GOAL OF THE EXERCISE:
Omit the pictures and return exactly the stretch of the material below from the line with "Low Calorie Filling Recipes" through the line with "Twice Baked Spaghetti".

SUPPLIED MATERIAL:
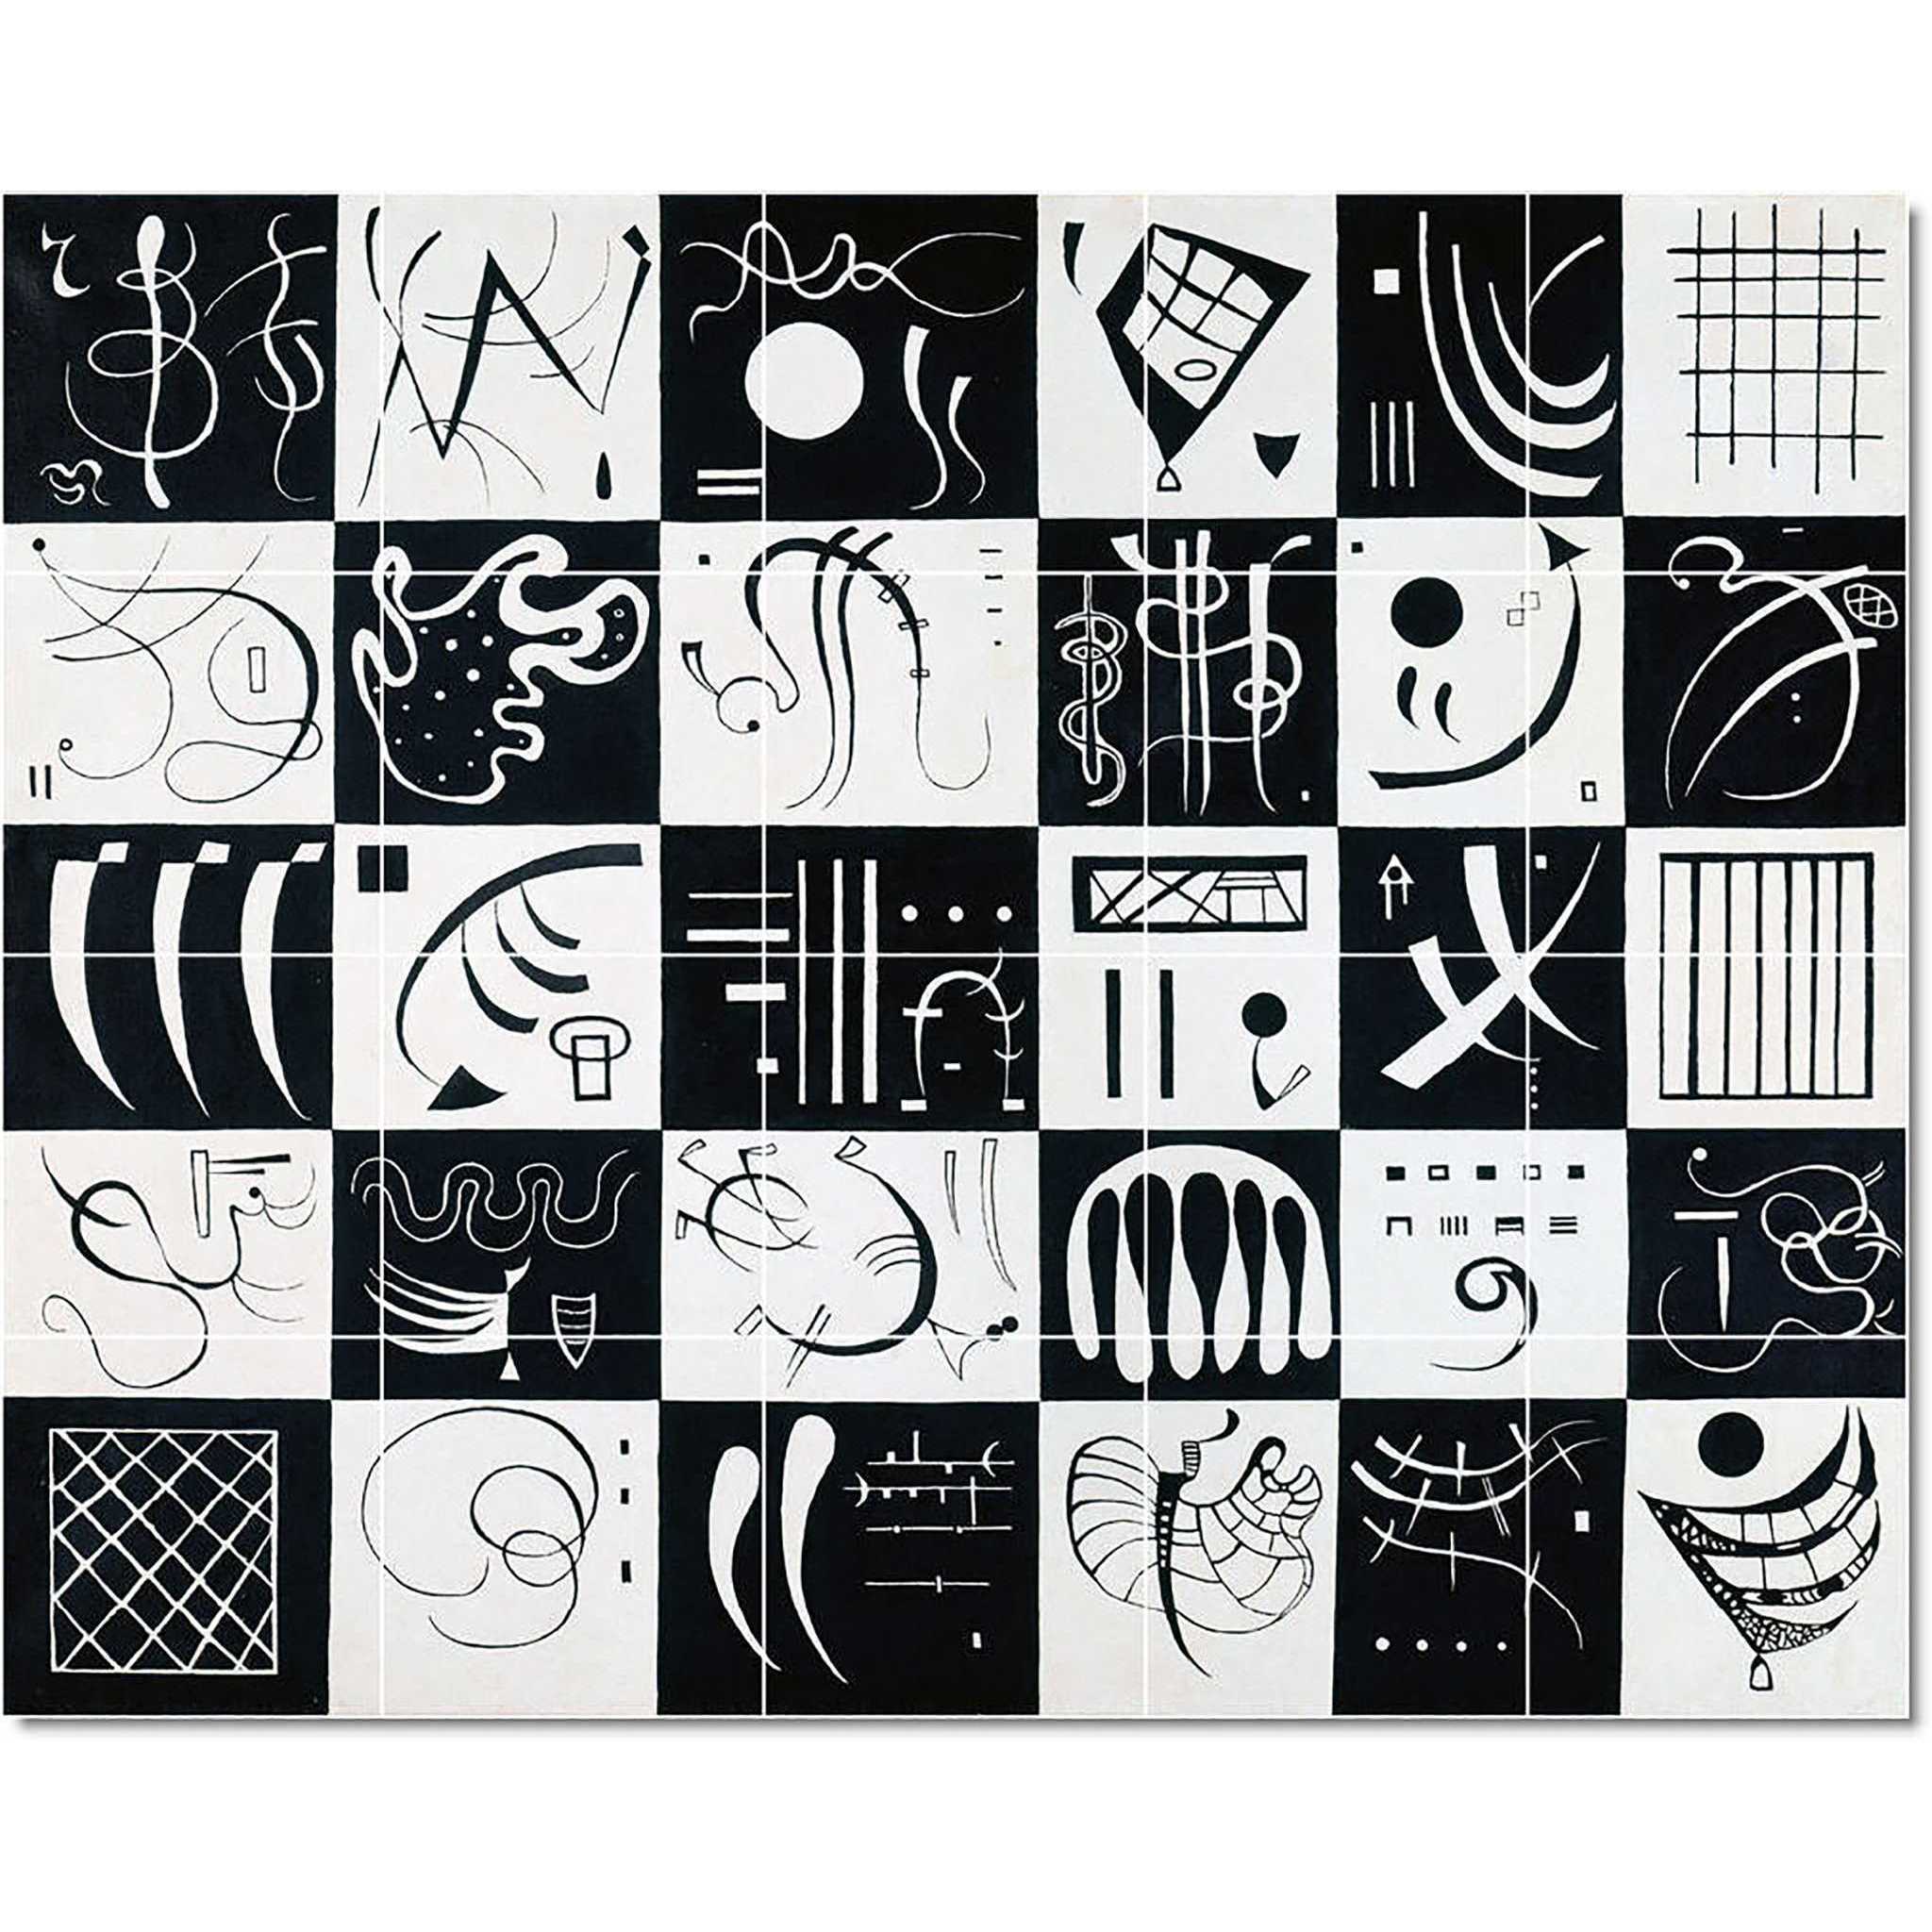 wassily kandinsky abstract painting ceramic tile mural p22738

...

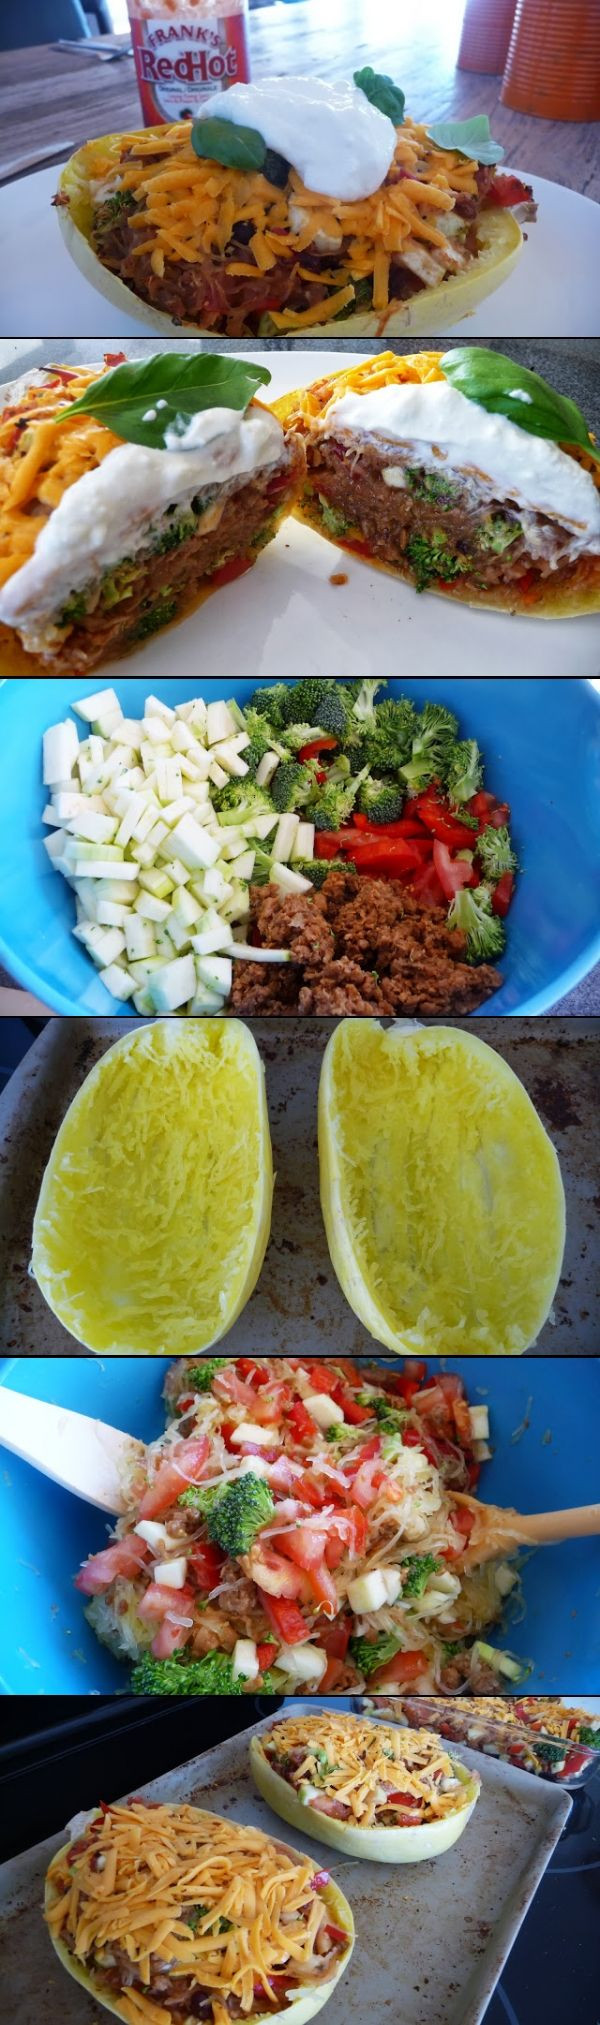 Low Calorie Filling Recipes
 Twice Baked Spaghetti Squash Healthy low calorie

ANSWER SECTION:
 Low Calorie Filling Recipes
 Twice Baked Spaghetti Squash Healthy low calorie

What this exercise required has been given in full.